The Clerk mailed a copy of this letter to Plaintiff at his address provided by his former counsel who was permitted to withdraw [DE 77]. Although Plaintiff failed to respond to the Motions for Summary Judgment, Plaintiff has filed a communication with the Court since his counsel was permitted to withdraw. Plaintiff responded by letter to a motion by the mediator in this case for an Order for Payment of Mediator Fees [DE 86]. Plaintiff filed his letter in response to the mediator's motion within 15 days of its being filed with the Court, and that communication bore the same return address to which the Court mailed the Rule 56 letter.
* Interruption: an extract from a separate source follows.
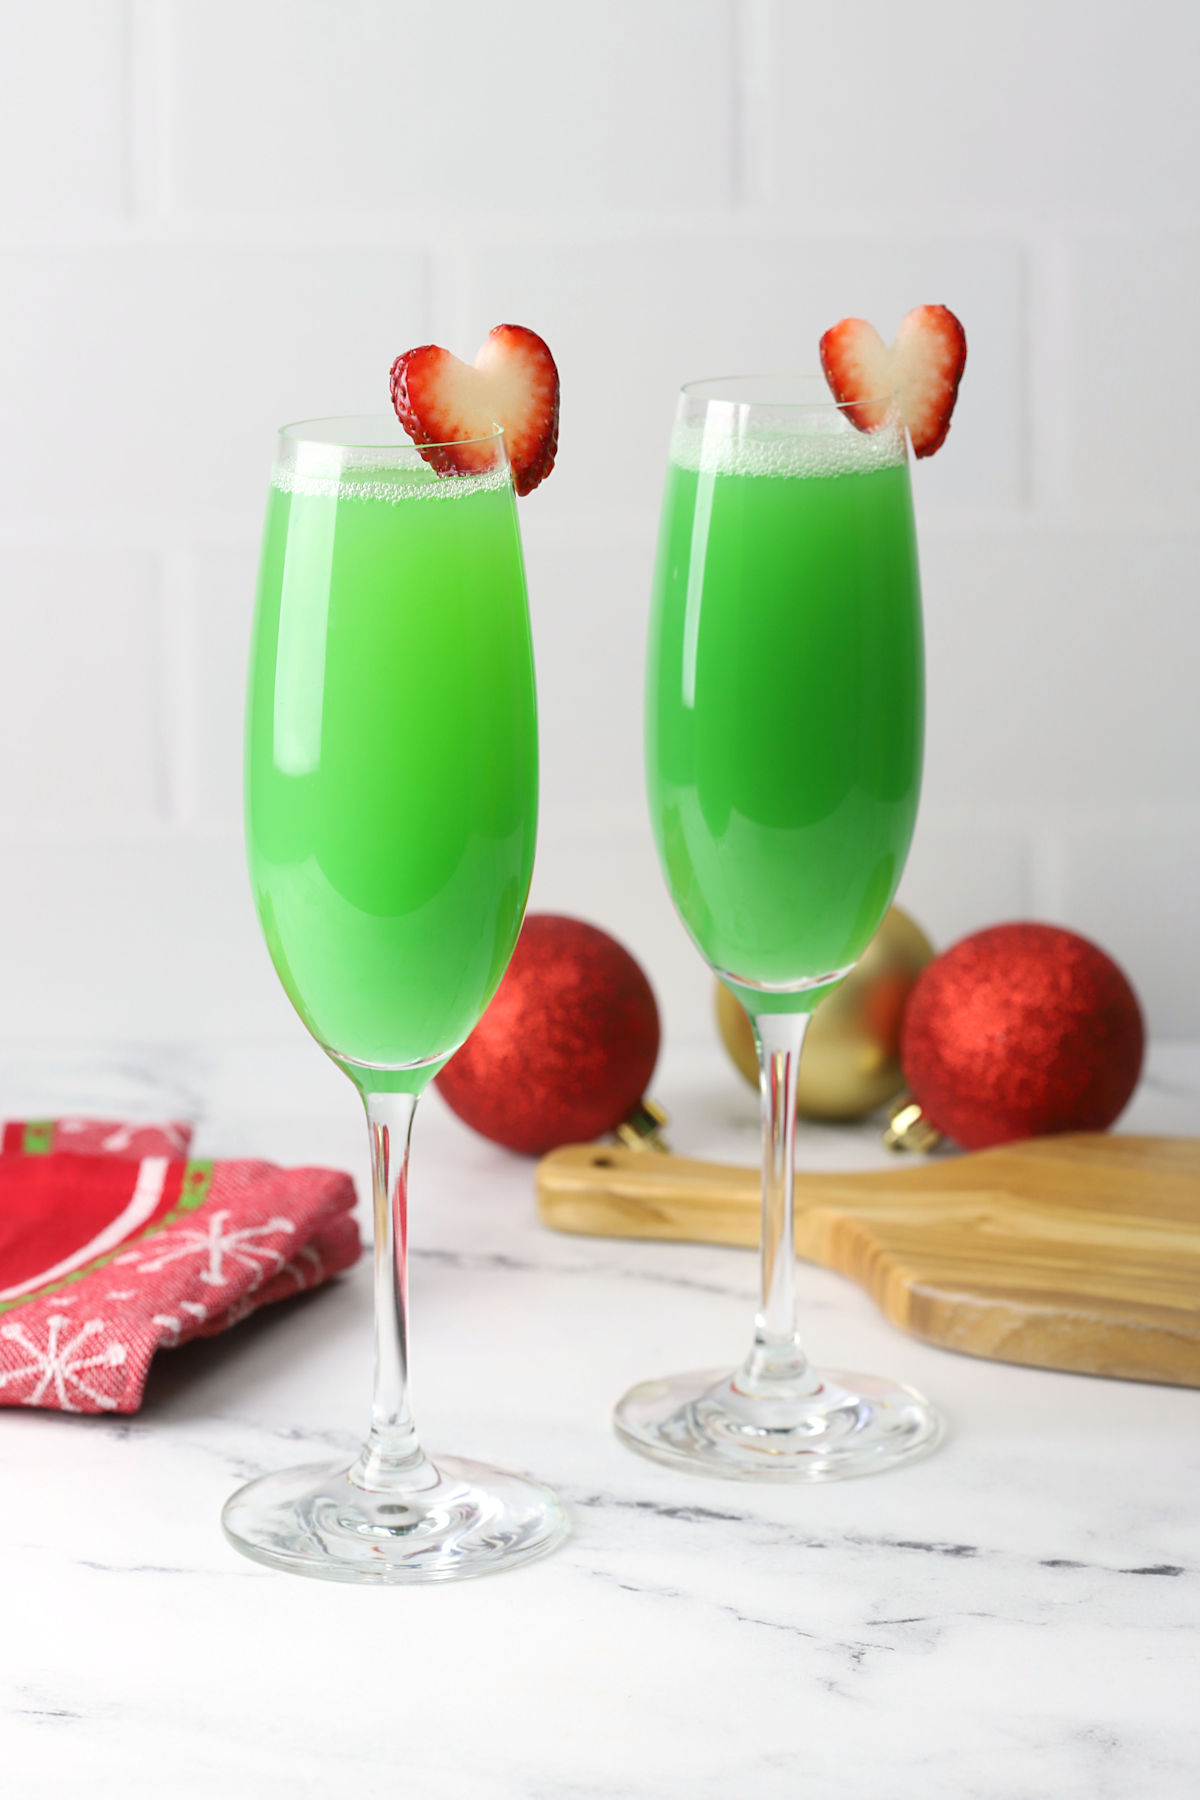 Grinch mimosas on a counter top with strawberry garnishes.
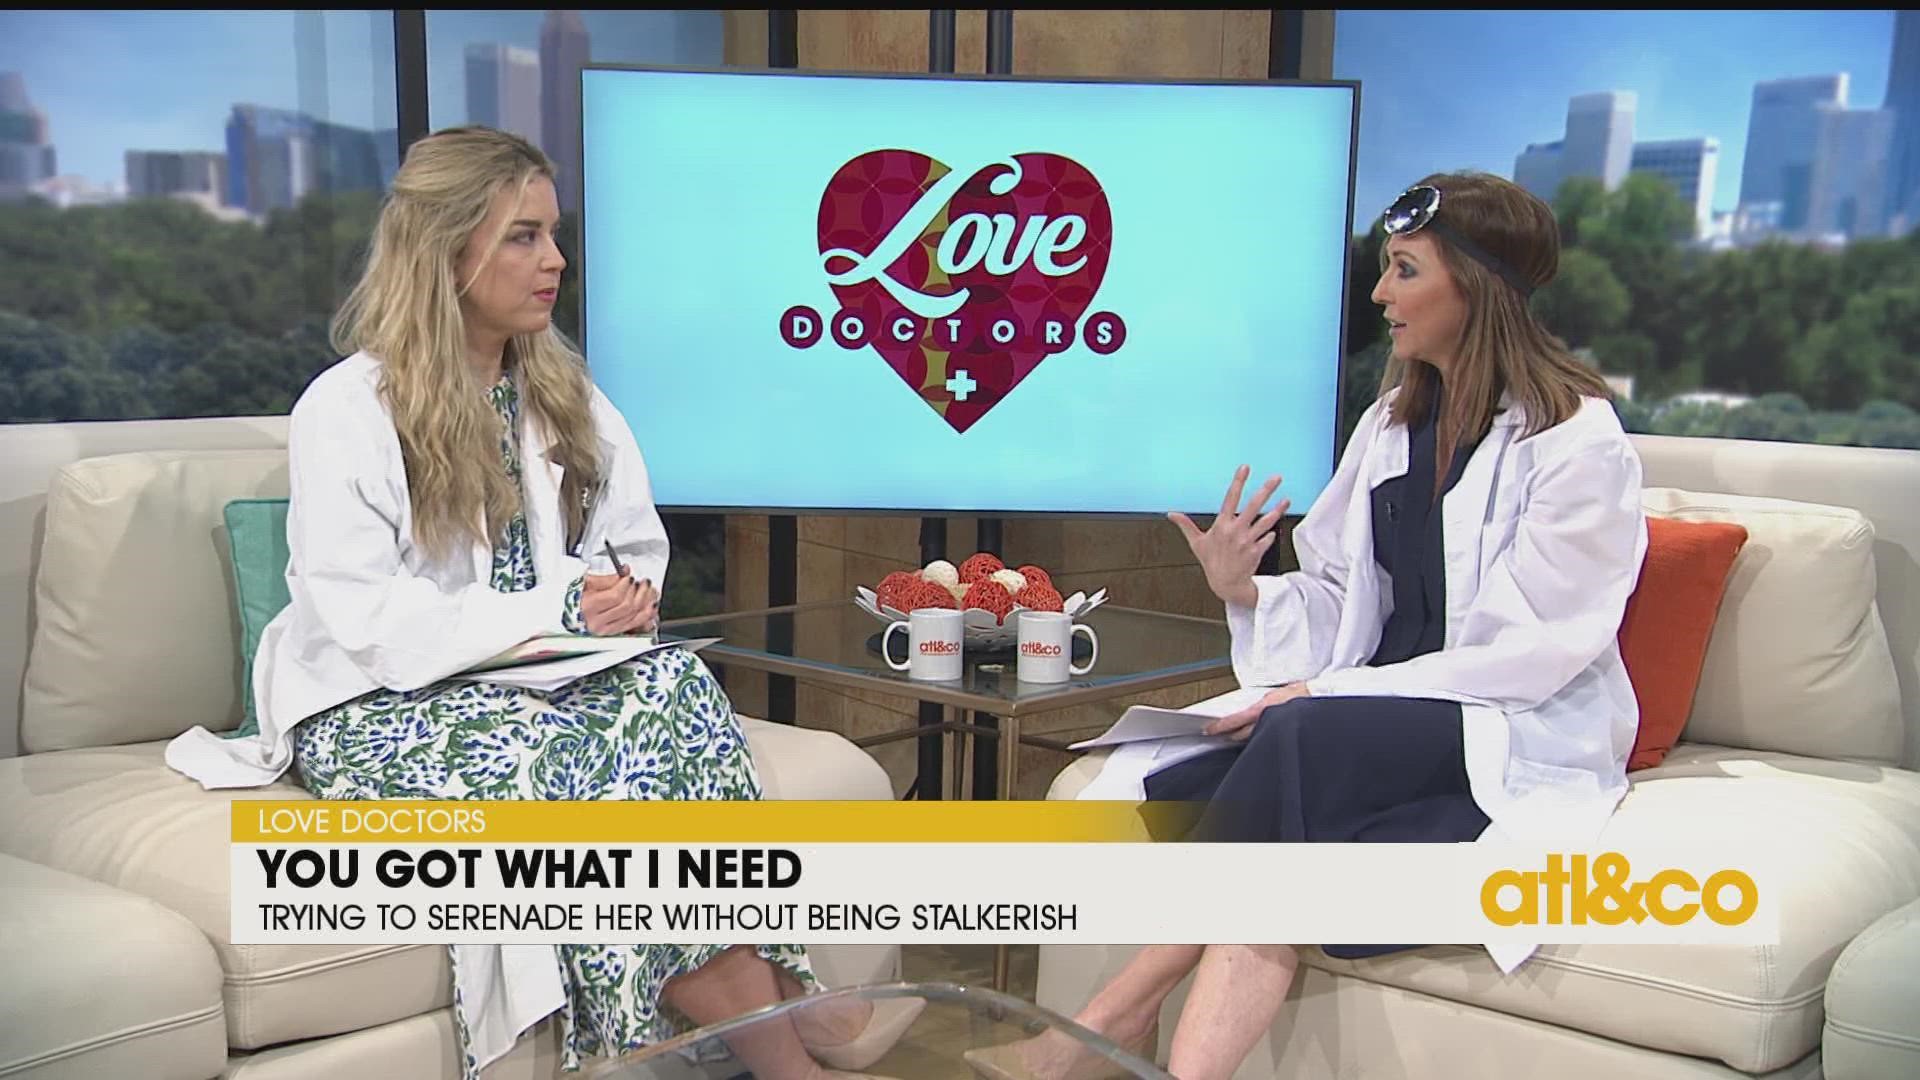 Are you ready for new dating adventures but don't know where to turn? Let Love Doctors Christine Pullara and Cara Kneer be your guides.

Upon consideration of the pending Motions for Summary Judgment, even when viewing the facts in the light most favorable to Plaintiff, the Court finds no genuine issue of material fact with regard to Plaintiff's claims. The uncontroverted evidence suggests that Defendant Morrison had probable cause to arrest Plaintiff, that he did not use an objectively unreasonable amount of force when restraining Plaintiff, and that his conduct was not sufficiently outrageous nor was it intended to cause Plaintiff severe emotional distress. See Gomez v. Atkins, 296 F.3d 253, 262 (4th Cir. 2002) (discussing the standard for assessing whether probable cause existed); Henry v. Purnell, 652 F.3d 524, 531 (4th Cir. 2011) (en banc) (discussing the test for reasonableness under the Fourth Amendment); Dickens v. Puryear, 302 N.C. 437, 276 S.E.2d 325 (1981) (defining the elements of the North Carolina tort of intentional infliction of emotional distress). There is also nothing in the record to suggest that the City of Raleigh was negligent in hiring or supervising Officer Morrison or any of the other Raleigh Police officers. Additionally, both Defendant Morrison and the City of Raleigh are likely entitled to qualified immunity as to Plaintiff's claims. See Thompson v. Town of Dallas, 142 N.C. App. 651, 655, 543 S.E.2d. 901, 904 (2001) (discussing North Carolina law on the liability of public officers for official acts made without malice or corruption); Board of County Com'rs of Bryan County, Okl. v. Brown, 520 U.S. 397, 402 (1997) (discussing liability of a municipality for § 1983 violations).
CONCLUSION
Defendants have met their burden of demonstrating the no genuine issues of material fact exist. As the Court has only Plaintiff's pleadings to consider, it finds that Plaintiff has failed to demonstrate specific material facts in dispute sufficient to survive summary judgment. Accordingly, Defendant Morrison's and Defendant City of Raleigh's Motions for Summary Judgment are GRANTED. Because Defendants Raleigh Police Department and Just Ours, LLC have been previously dismissed, this matter is now DISMISSED IN ITS ENTIRETY.SO ORDERED.